#### PROBLEM TO SOLVE
Leave every picture out, and give again exactly the lines from the one containing "Олена Липовенко розповіла" through the end of the listing.

#### DATASET EXCERPT
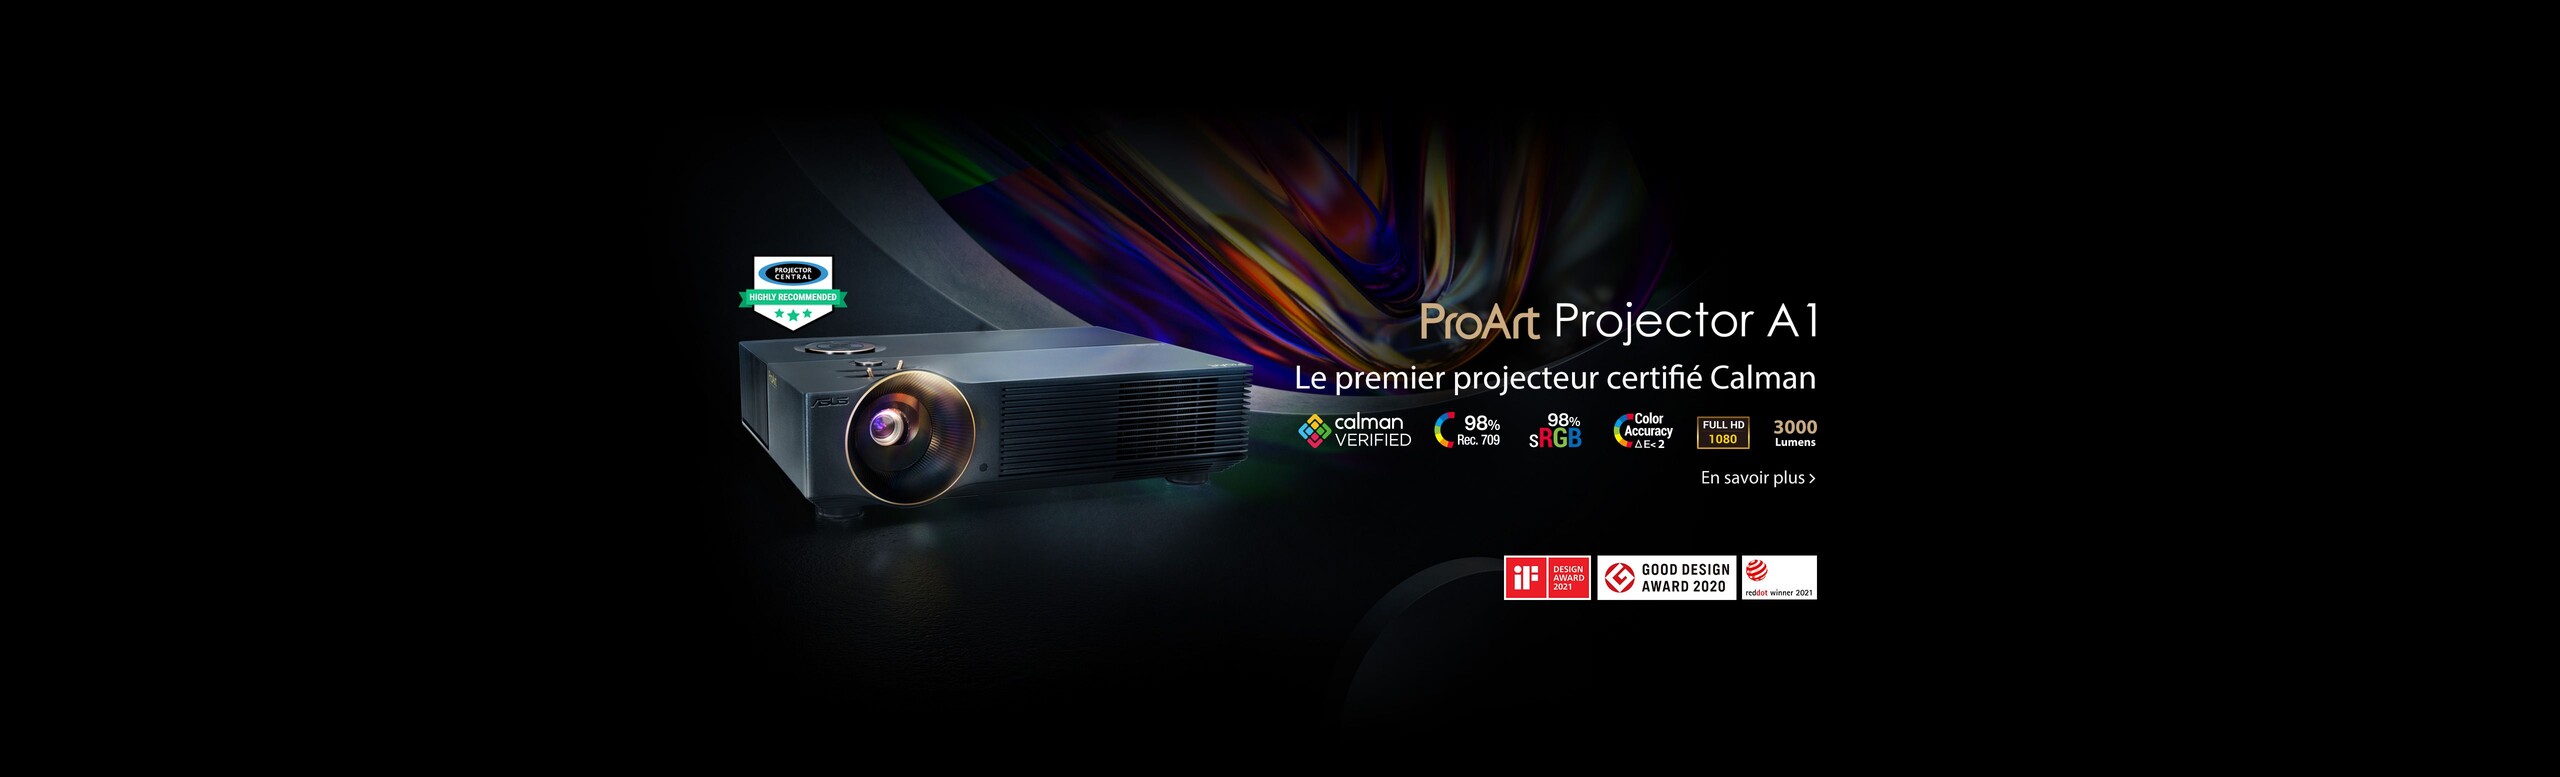 ProArt Projector A1
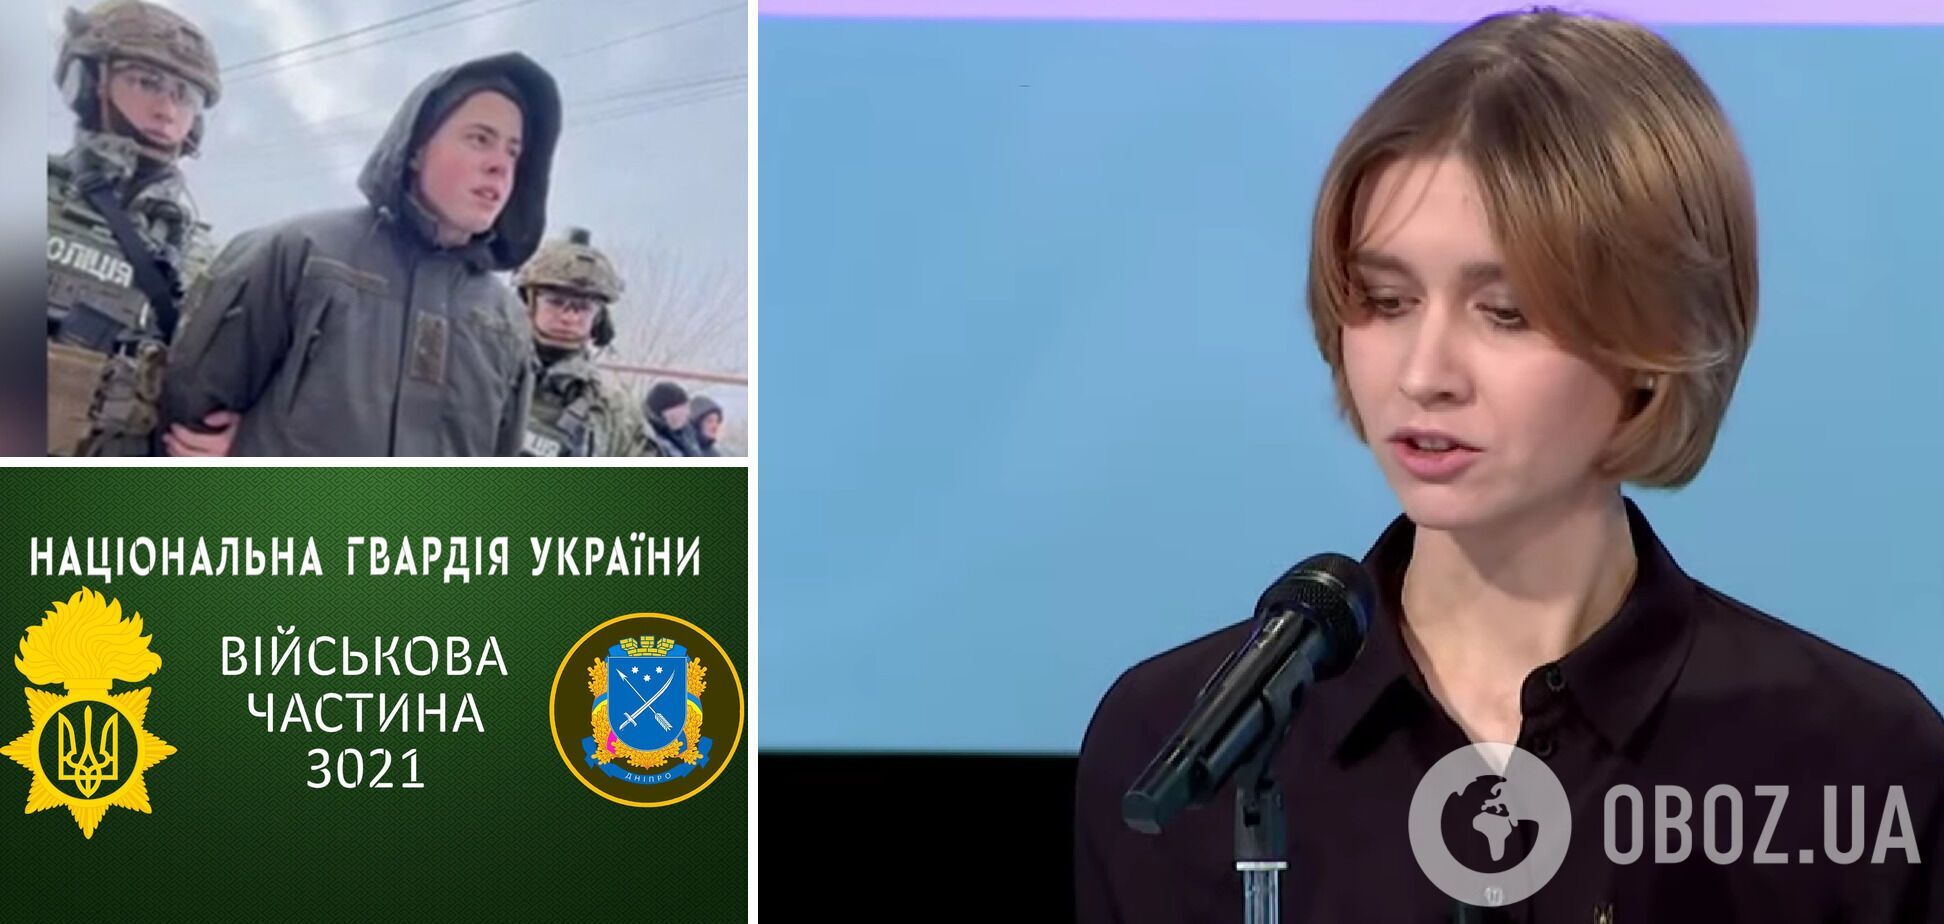 Олена Липовенко розповіла про ситуацію у військовій частині 3021 НГУ
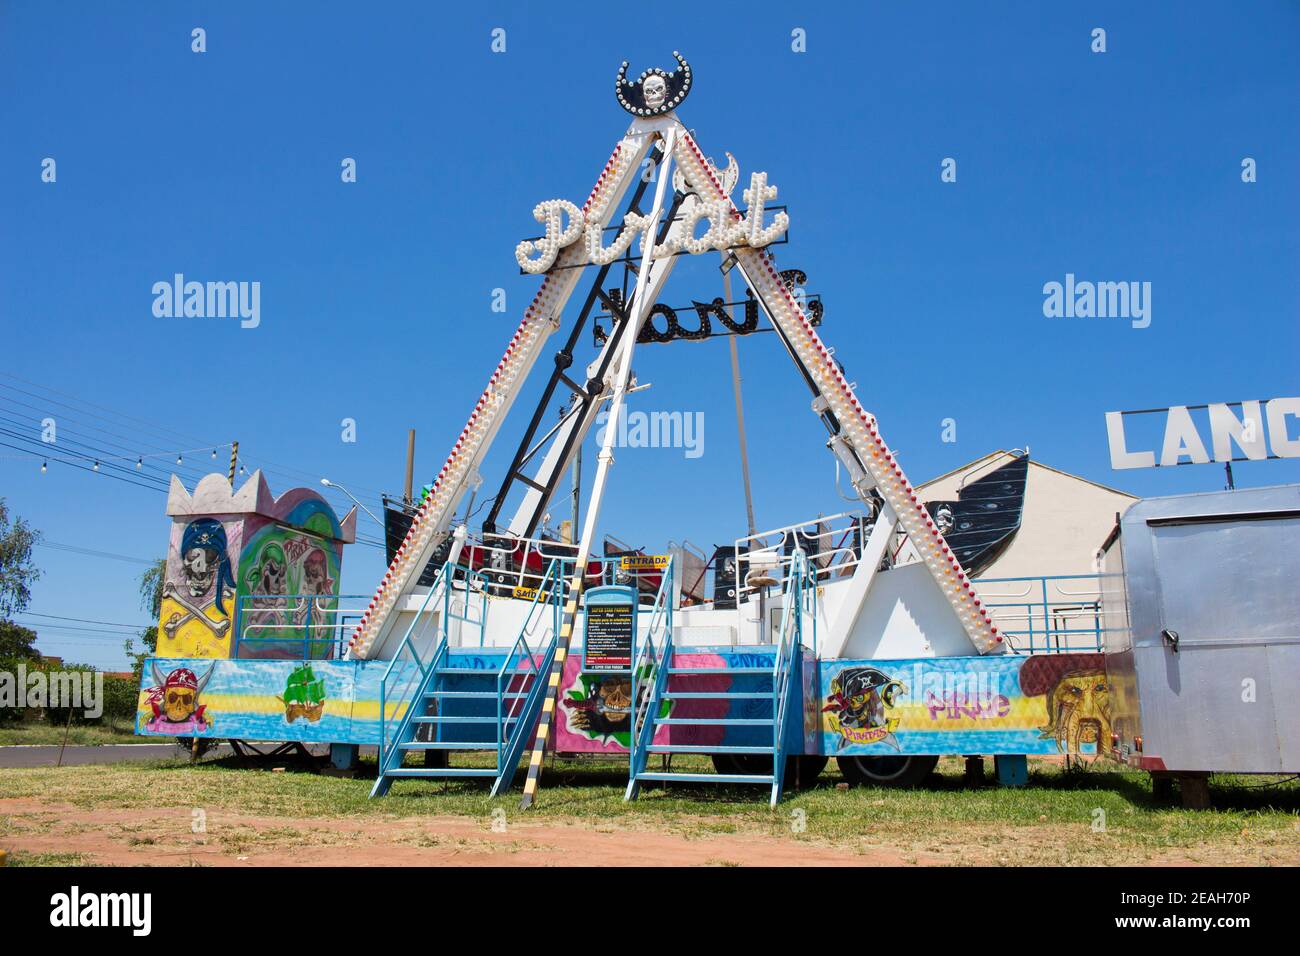 Ibitinga, SP, Brazil - 02 07 2021: Pirate Ship Ride at an Amusement Park Stock Photo

#### YOUR RESPONSE
 Олена Липовенко розповіла про ситуацію у військовій частині 3021 НГУ
 Ibitinga, SP, Brazil - 02 07 2021: Pirate Ship Ride at an Amusement Park Stock Photo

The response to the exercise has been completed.